Moderation is where tag precision matters most, so keep outputs conservative and build clear escalation paths. Flag content that may violate community guidelines like spam, harassment, misinformation, inappropriate content, or other concerns:

@Generable
enum ModerationFlag: String, CaseIterable {
    case none
    case review
    case remove
}

@Generable
struct ModerationClassification {
    @Guide(description: "Whether the content should be flagged: none if acceptable, review if borderline, remove if the content violates guidelines")
    let flag: ModerationFlag
    
    @Guide(description: "The primary concern if flagged, otherwise 'none'")
    let concernType: ConcernType
    
    @Guide(description: "Confidence in the moderation decision")
    let confidence: ConfidenceLevel
}

@Generable
enum ConcernType: String, CaseIterable {
    case none
    case spam
    case harassment
    case misinformation
    case inappropriateContent
    case other
}

If your moderation input is sensitive and you need permissive transformations, use the manual decoding pattern from the safety chapter, because structured output does not benefit from permissive guardrails.

Learning Platform Personalization

Personalization works best when tags connect directly to the help a learner expects, so classify user questions to adapt teaching style:

@Generable
struct LearnerClassification {
    @Guide(description: "The knowledge level the question suggests: exploring if unfamiliar with basics, learning if knows fundamentals but has gaps, practicing if applying knowledge, mastering if refining understanding")
    let knowledgeLevel: KnowledgeLevel
    
    @Guide(description: "The type of help needed: explanation if asking what/why, guidance if asking how, feedback if sharing work for review, encouragement if expressing frustration")
    let helpType: HelpType
    
    @Guide(description: "Whether the learner expressed confusion or uncertainty")
    let isConfused: Bool
}

@Generable
enum KnowledgeLevel: String, CaseIterable {
    case exploring
    case learning
    case practicing
    case mastering
}

@Generable
enum HelpType: String, CaseIterable {
    case explanation
    case guidance
    case feedback
    case encouragement
}

What’s Next

Content tagging transforms unstructured text into metadata.
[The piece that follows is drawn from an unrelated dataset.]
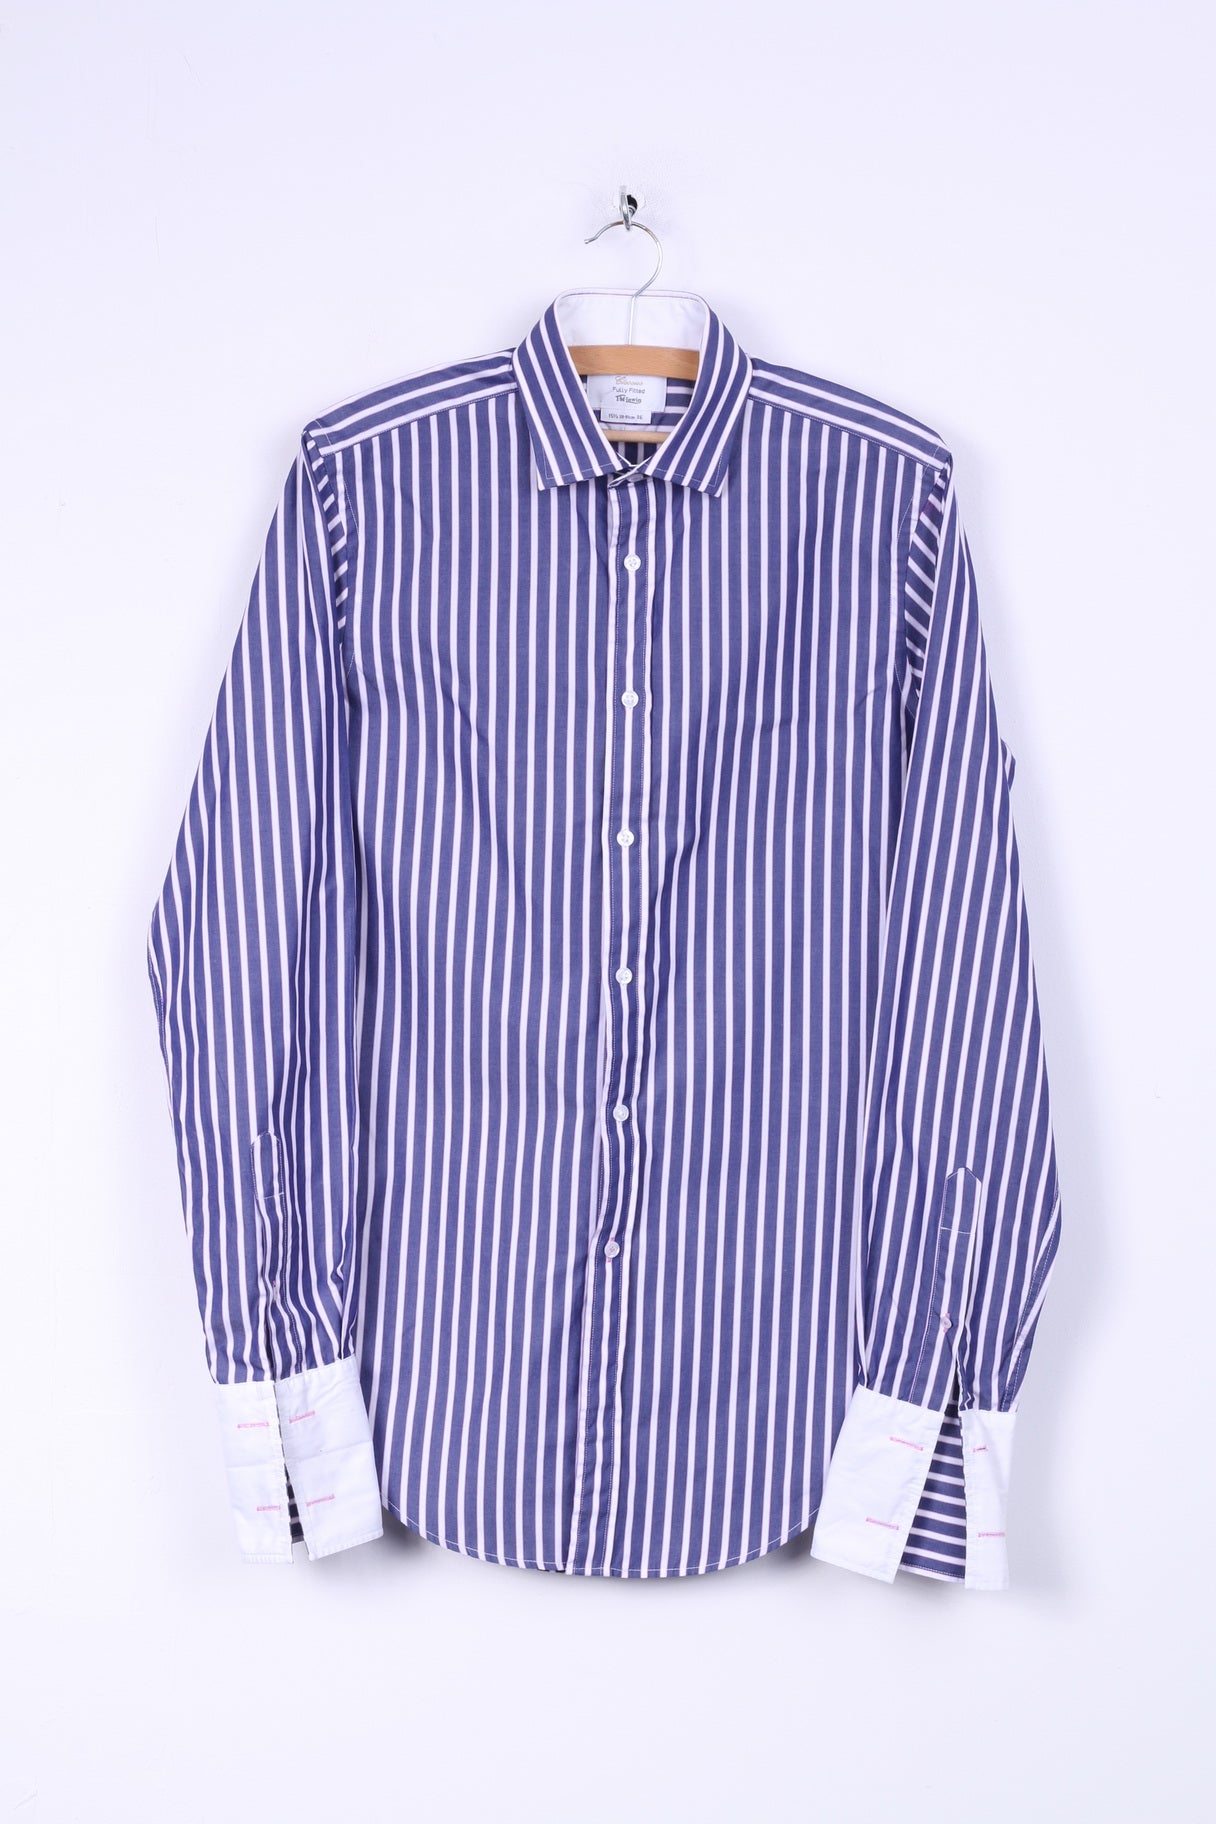 T.M. Lewin Mens 36 15.5 S Formal Shirt Blue Striped Cotton Fully Fitted

The classification patterns you learned here, combining multiple tag types in a single schema, handling ambiguity, and tuning sampling, apply to any domain where you need to understand user intent or content characteristics.

Content tagging is also about experimentation and iteration. Start with a simple schema, build a ground truth dataset, measure accuracy, and refine your @Guide descriptions based on where the model struggles. In my startup work, this loop exposed which categories needed clearer definitions and which prompts needed trimming.

With content tagging and classification patterns established, the next chapter covers supported languages and internationalization. You will learn how Foundation Models handles different languages and how to build multilingual AI experiences that work for users worldwide.